### Your assignment
Copy only those lines which run from the line containing "Подкрылок Novline-Autofamily, с" to the end of the entries below, both inclusive, exactly as written and with no pictures.

### Records supplied
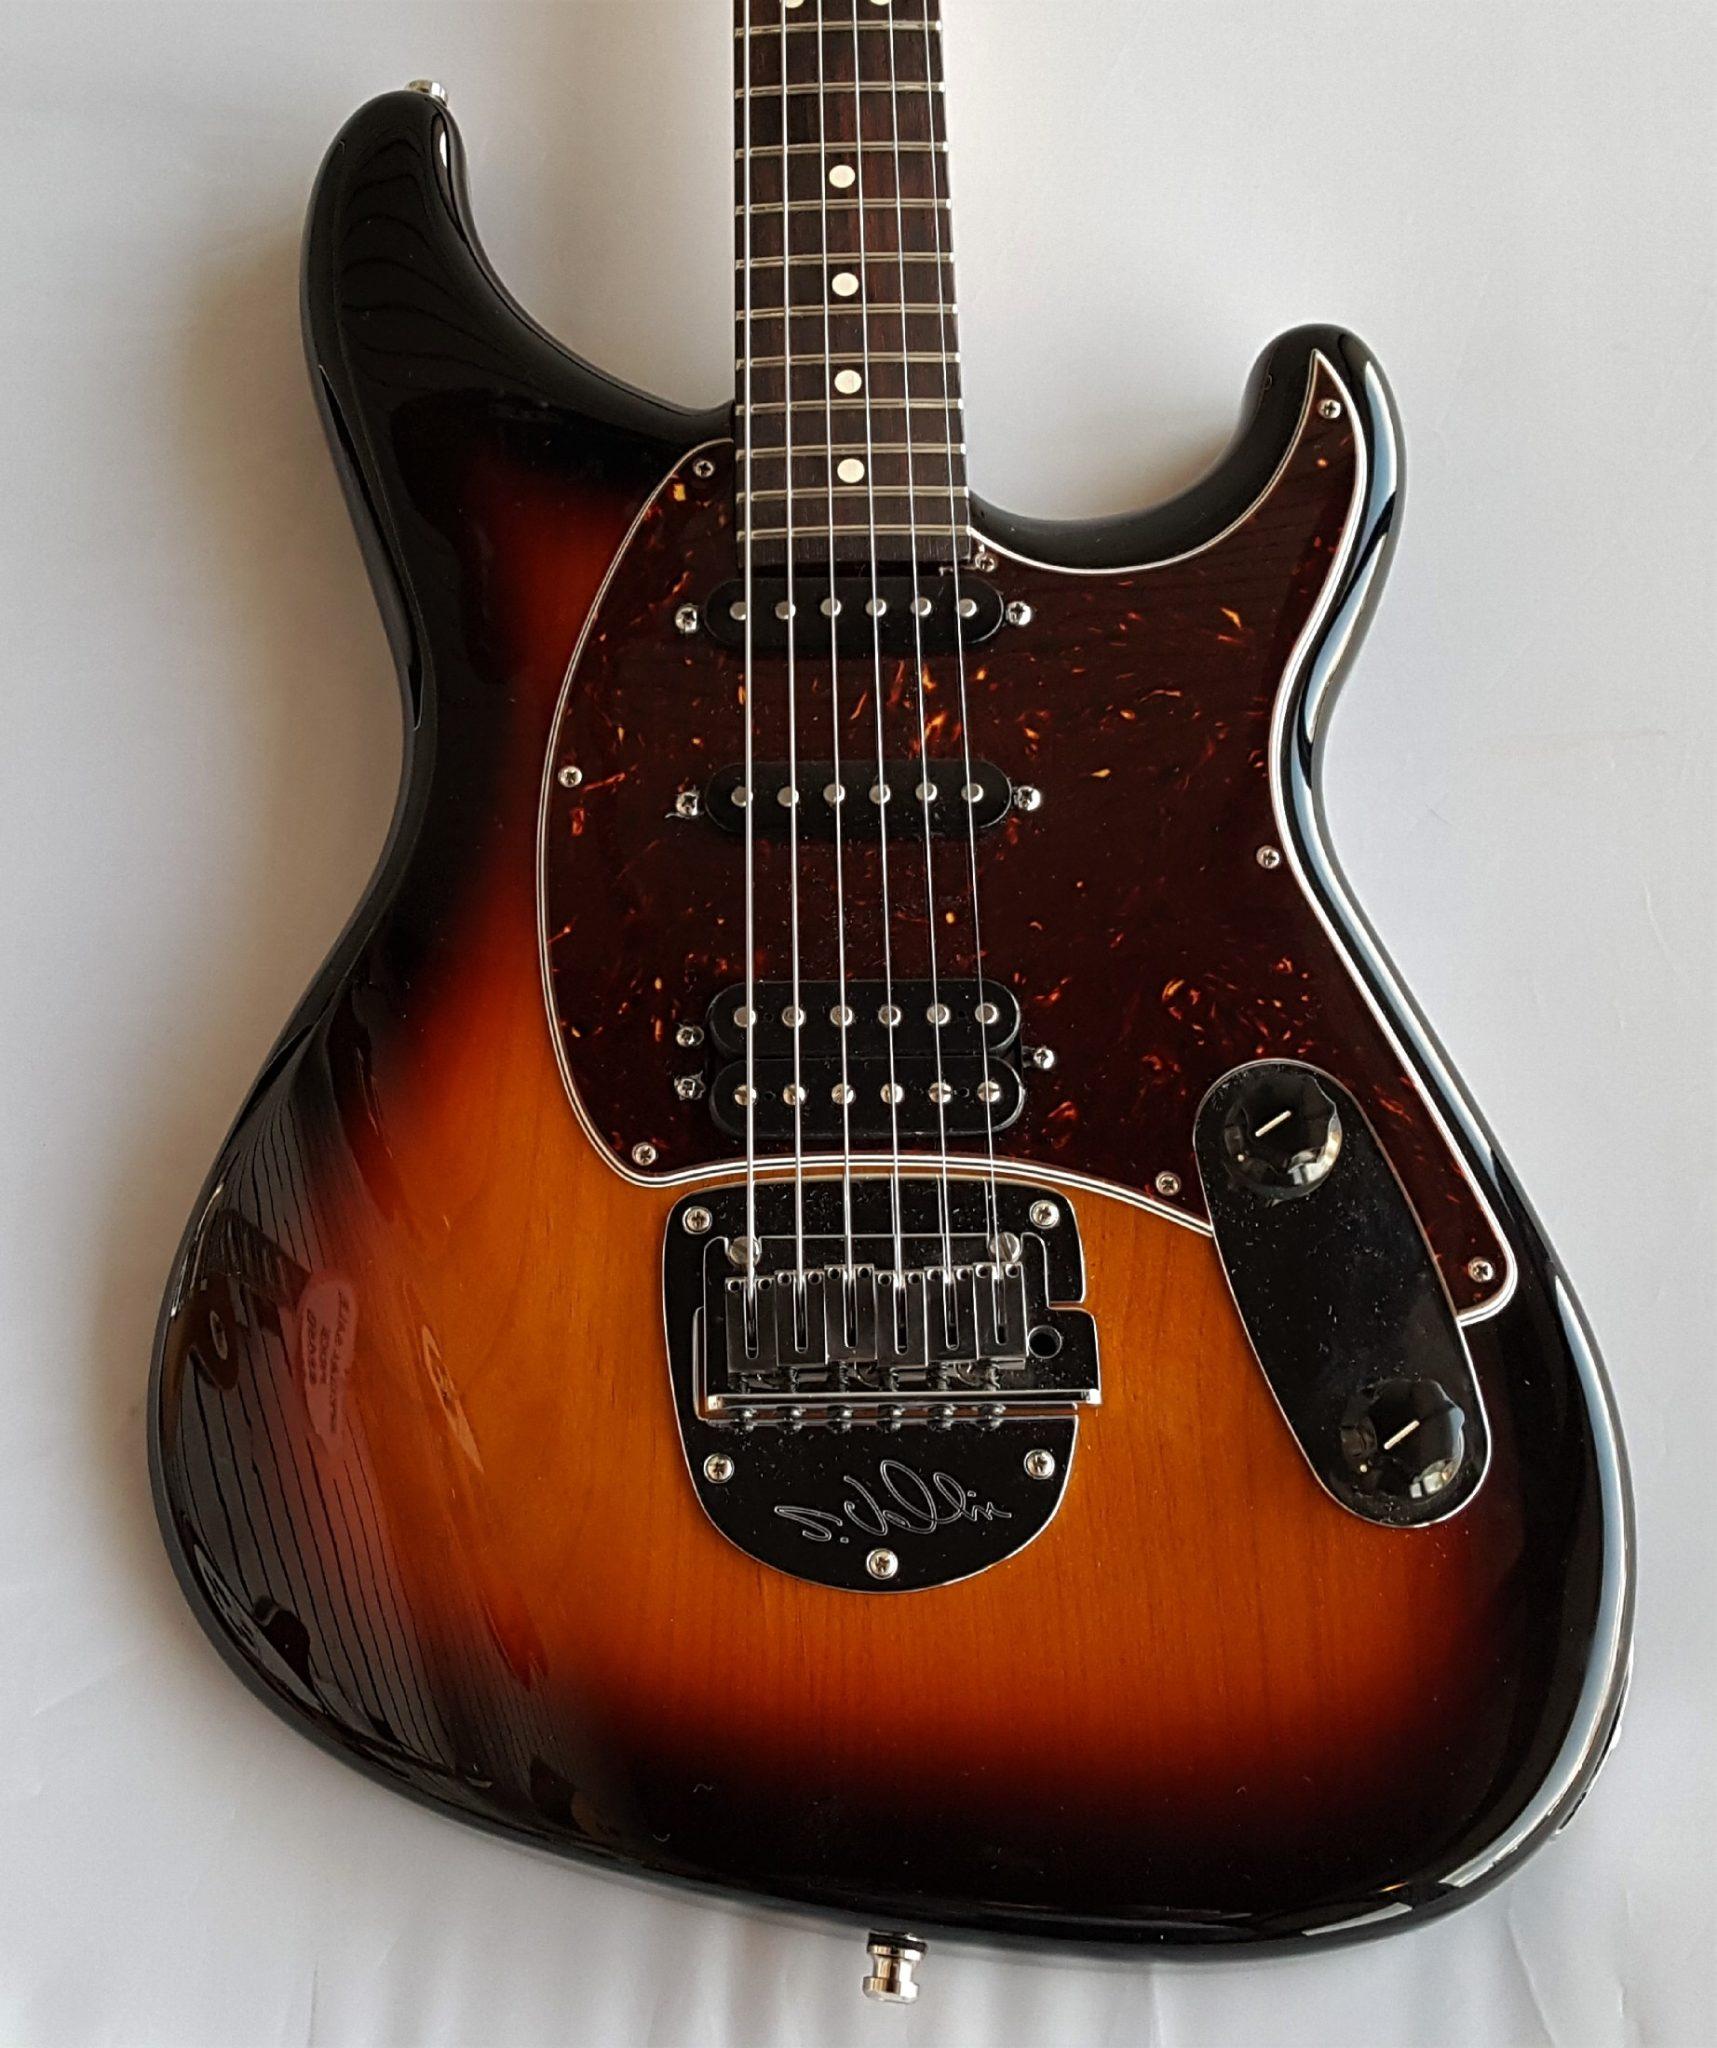 Fender Sergio Vallin Signature Electric Guitar
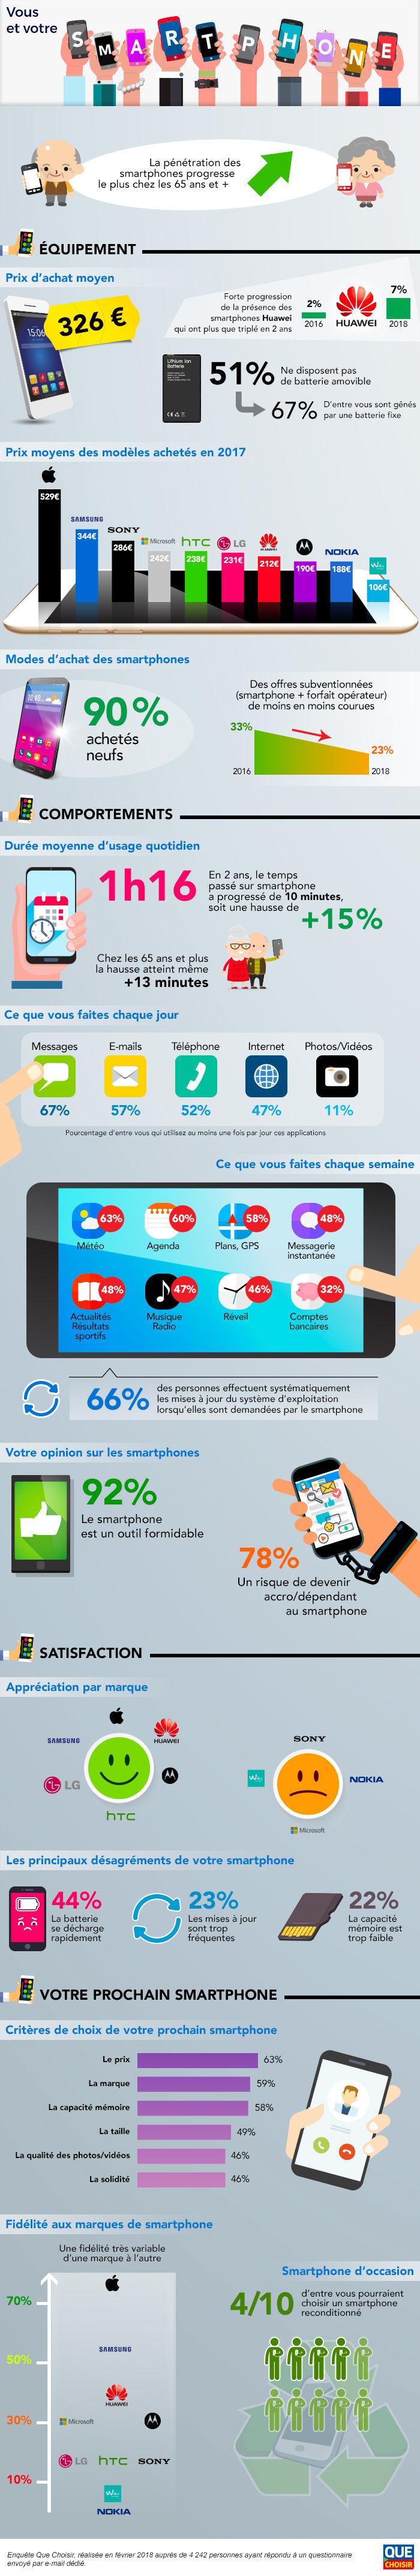 Infographie UFC Que Choisir Marche Francais Smartphone - Les Français dépensent en moyenne 326€ pour un smartphone
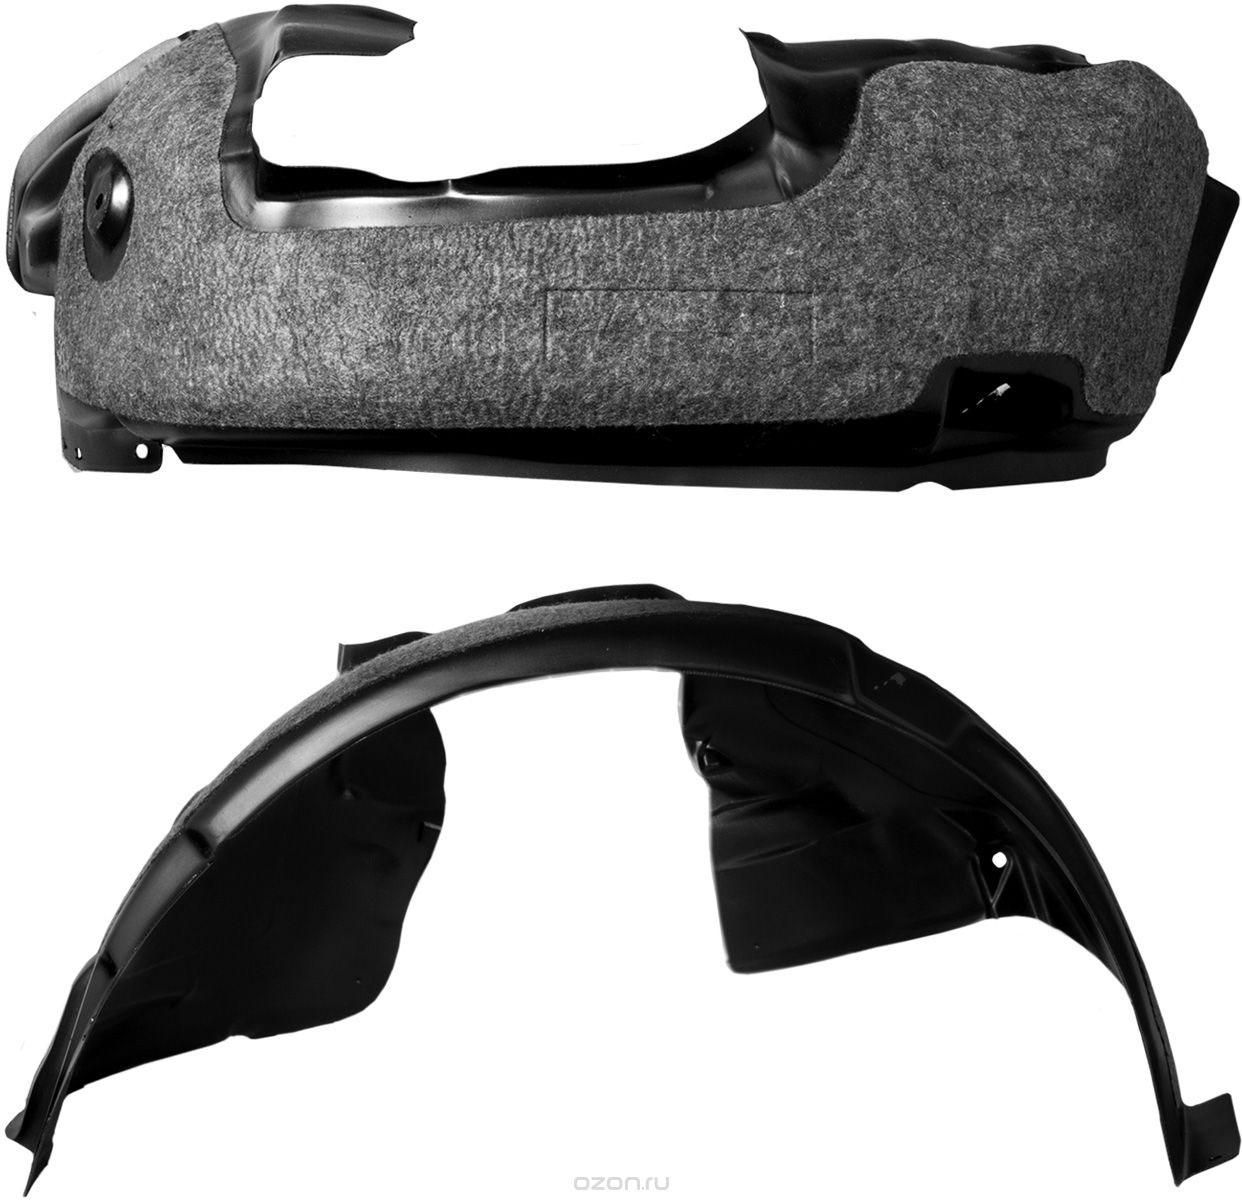 Подкрылок Novline-Autofamily, с шумоизоляцией, для RAVON Nexia R3, 2016->, задний правыйNLS.102.02.004Идеальная защита колесной ниши. Локеры разработаны с применением цифровых технологий, гарантируют максимальную повторяемость поверхности арки. Изделия устанавливаются без нарушения лакокрасочного покрытия автомобиля, каждый подкрылок комплектуется крепежом. Уважаемые клиенты, обращаем ваше внимание, что фотографии на подкрылки универсальные и не отражают реальную форму изделия. При этом само изделие идет точно под размер указанного автомобиля.
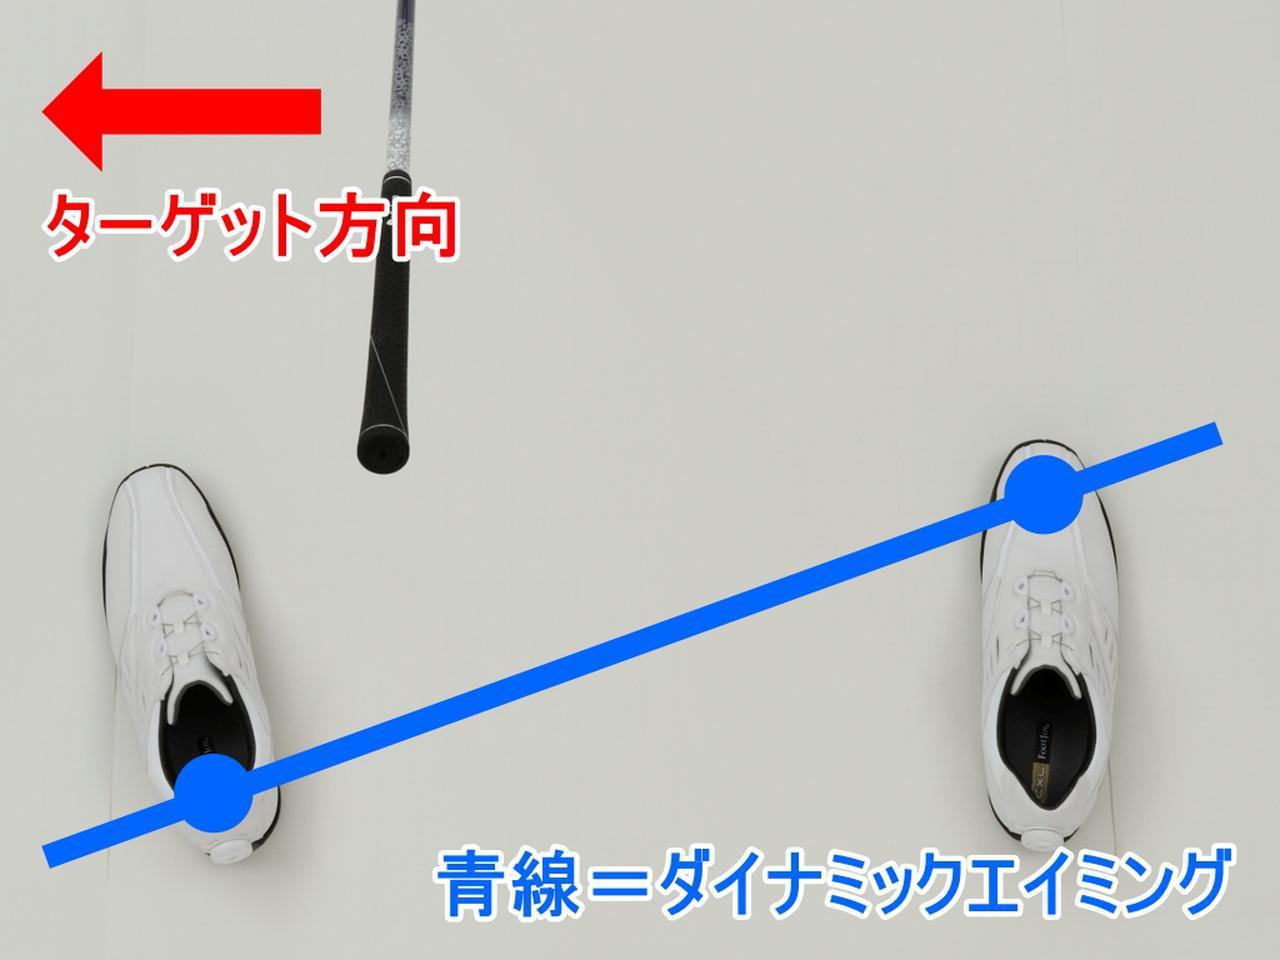 画像: 写真B:ダイナミックエイミングを考慮すると、スクェアスタンスでも体が開いた状態になる
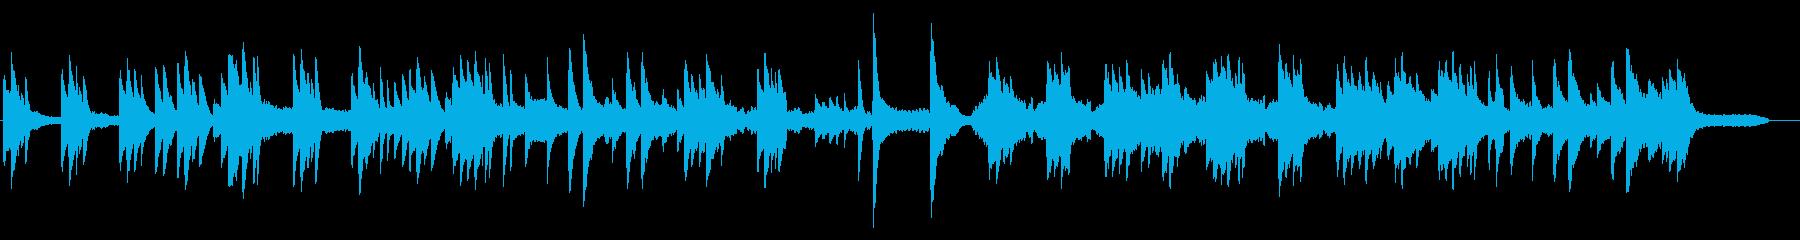 切なく儚いピアノBGM 感動シーンの再生済みの波形

### Task solution
 Подкрылок Novline-Autofamily, с шумоизоляцией, для RAVON Nexia R3, 2016->, задний правыйNLS.102.02.004Идеальная защита колесной ниши. Локеры разработаны с применением цифровых технологий, гарантируют максимальную повторяемость поверхности арки. Изделия устанавливаются без нарушения лакокрасочного покрытия автомобиля, каждый подкрылок комплектуется крепежом. Уважаемые клиенты, обращаем ваше внимание, что фотографии на подкрылки универсальные и не отражают реальную форму изделия. При этом само изделие идет точно под размер указанного автомобиля.
 画像: 写真B:ダイナミックエイミングを考慮すると、スクェアスタンスでも体が開いた状態になる
 切なく儚いピアノBGM 感動シーンの再生済みの波形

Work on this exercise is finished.